FIG. 1 is a schematic diagram showing the concept of a typical electric desalination apparatus.

FIG. 2 is a schematic view showing an embodiment of an electric desalination apparatus of the present invention, and is also a schematic view of the electric desalination apparatus constructed in Example 1.

FIG. 3 is a schematic diagram of an electric desalination apparatus configured in Comparative Example 1.
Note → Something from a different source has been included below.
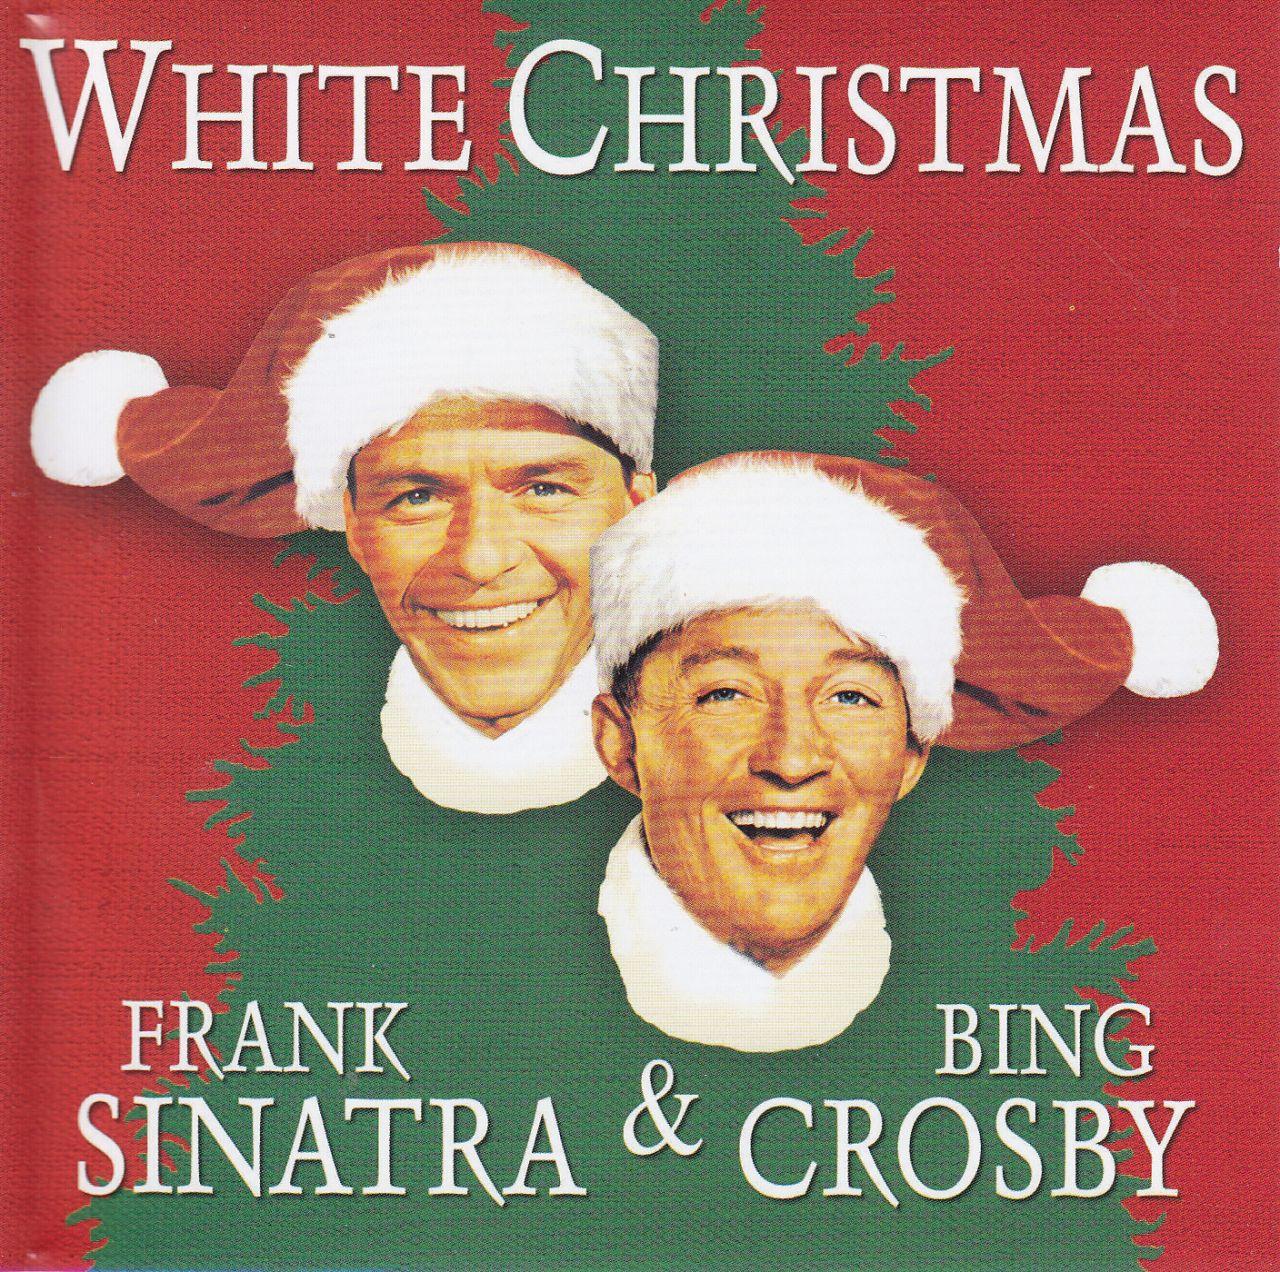 White Christmas – Frank Sinatra & Bing Crosby (CD)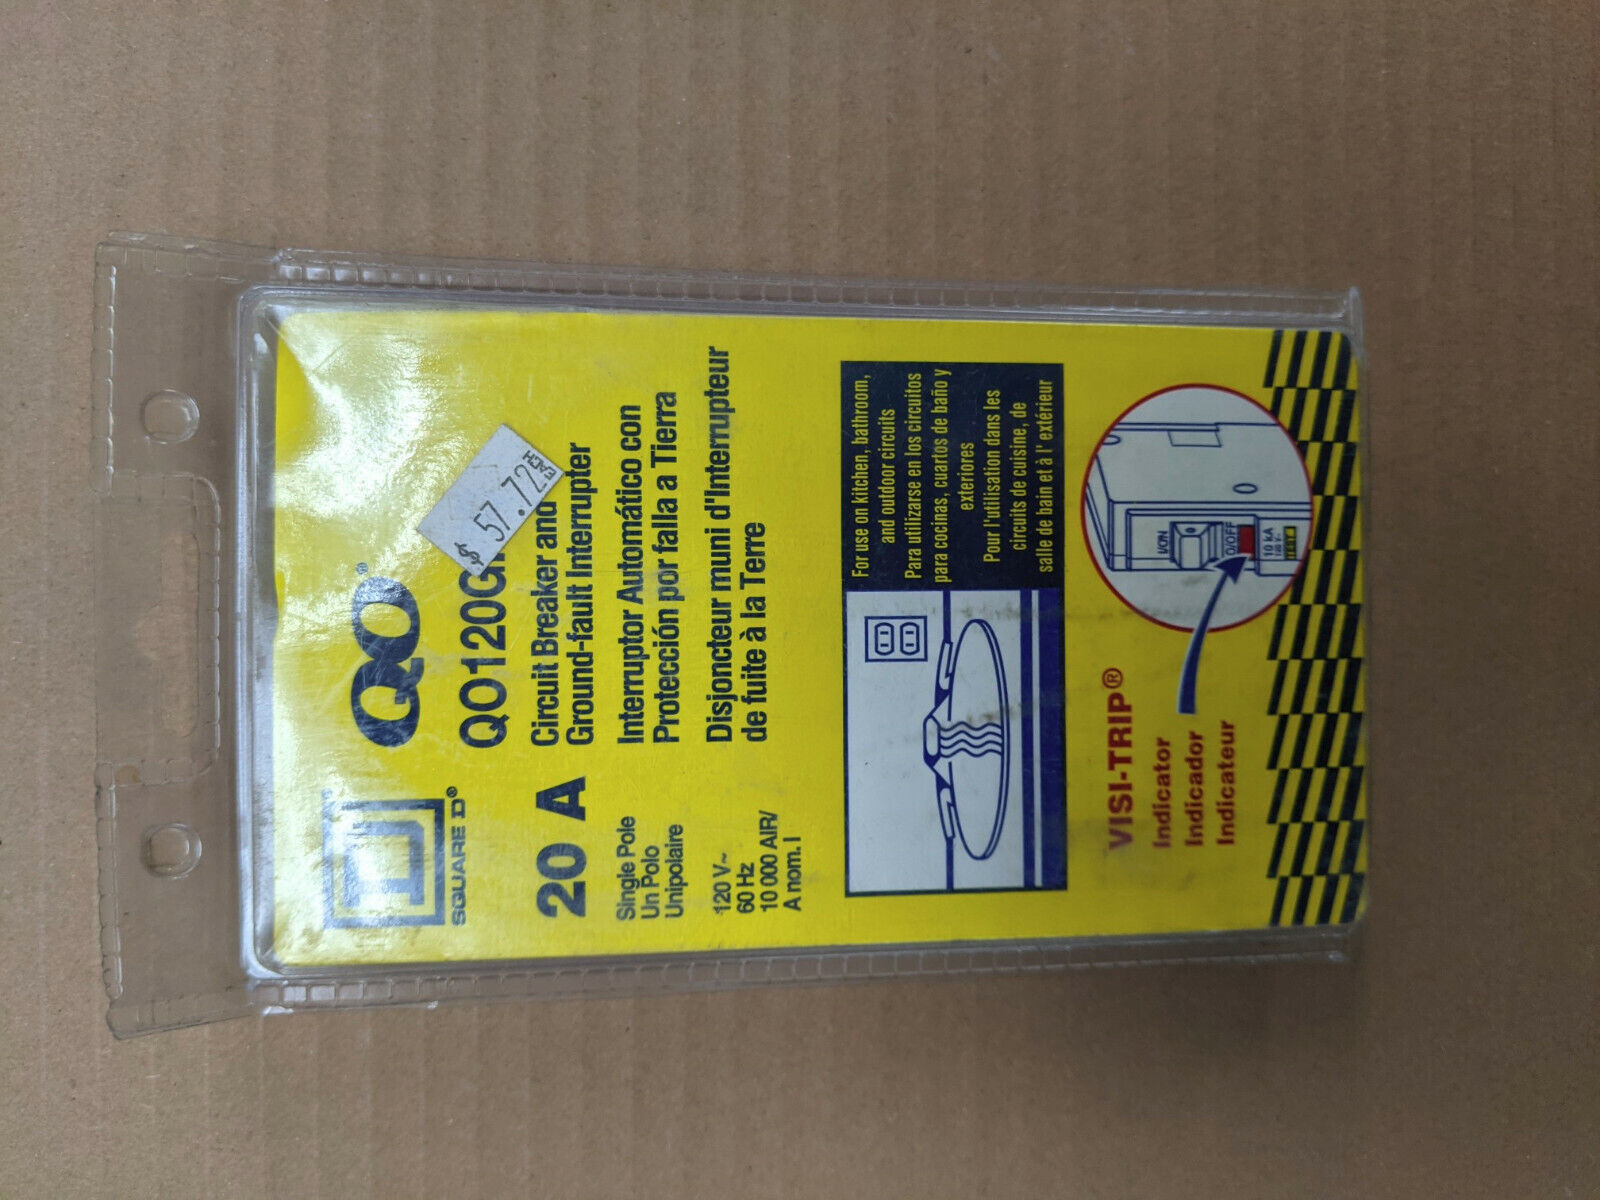 Square D QO120PCAFI 20 Amp 1 Pole Circuit Breaker Ground Fault Interrupter 20a for sale online

─────────────────────────────────────────────────── ─── Continuation of the front page (51) Int.Cl. ⁷ Identification code FI theme code (reference) D06M 14/28 C02F 1/46 103 (72) Inventor Toru Akiyama 11-1 Haneda-Asahi-cho, Ota-ku, Tokyo EBARA CORPORATION (72) Inventor Kunio Fujiwara 4-2-1 Motofujisawa, Fujisawa-shi, Kanagawa Incorporated EBARA Research Institute (72) Inventor Yohei Takahashi 4-2-1 Motofujisawa, Fujisawa-shi, Kanagawa F-term in Ebara Research Institute Co., Ltd. (Reference) 4D006 GA17 HA47 JA02A JA04A JA04C JA30A JA41A JA42A JA43A JA44A KE02Q KE06Q KE18Q MA03 MA13 MA14 MB07 PA01 PB02 PB25 PB26 PC02 4A06 GA15 A03 GA12 A02 EB09 A39 A12 EB09 A39 EB09 A39 EB09 A39 A12 EB09 A39 EB12 EB09 A39 EB01 EB09 EB09 FB01 FA02 EB09 A09 EB09 EB09 FB01 FA39 EB09 EB09 EB01 FB01 FA02 EB09 EA09 EB09 EB01 FB01 FA02 BA08 BA46

Claims (6)

[Claims] 1. An ion exchange used in an electric desalination apparatus in which a cation exchange membrane and an anion exchange membrane are alternately arranged at least partially between an anode and a cathode to form a desalination chamber and a concentration chamber. Pore density inclined from the central part of the body toward the cation exchange membrane and / or the anion exchange membrane when placed in the desalting chamber and / or the concentrating chamber And an ion exchanger having a pore density gradient, wherein the ion exchanger is introduced into a porous substrate having communicating pores. 2. The ion exchanger according to claim 1, wherein the porous substrate is selected from an open-cell foam and a three-dimensional woven fabric, and the ion density gradient ion exchanger is the porous material. A cation exchanger or anion exchanger prepared by introducing a cation exchange group or an anion exchange group into the organic base material,
Alternatively, it is an amphoteric ion exchanger having a cation exchange group and an anion exchange group introduced therein, and a vacancy density gradient ion exchanger. 3. The vacancy density gradient ion exchanger according to claim 1 or 2, wherein the ion exchange group is introduced into the porous substrate by a radiation graft polymerization method. A vacancy density gradient ion exchanger characterized by being present. 4. The electric desalination apparatus according to claim 2, wherein the vacancy density gradient ion exchanger has a vacancy density on one surface side of 100%. In case,
A vacancy density gradient ion exchanger characterized in that the vacancy density is inclined so that the vacancy density on the opposite side is 70% or less. 5. The electric desalination apparatus according to claim 2 or 3, wherein the vacancy density gradient ion exchanger has a central portion when the vacancy density on both sides is 100%. A vacancy density gradient ion exchanger characterized in that the vacancy density is inclined so that the vacancy density is 70% or less. 6. A desalting chamber and a concentrating chamber are formed by alternately arranging at least a part of a cation exchange membrane and an anion exchange membrane between an anode and a cathode. An electric desalination apparatus, in which the ion exchanger having the communicating pores according to any one of claims 1 to 5 is arranged.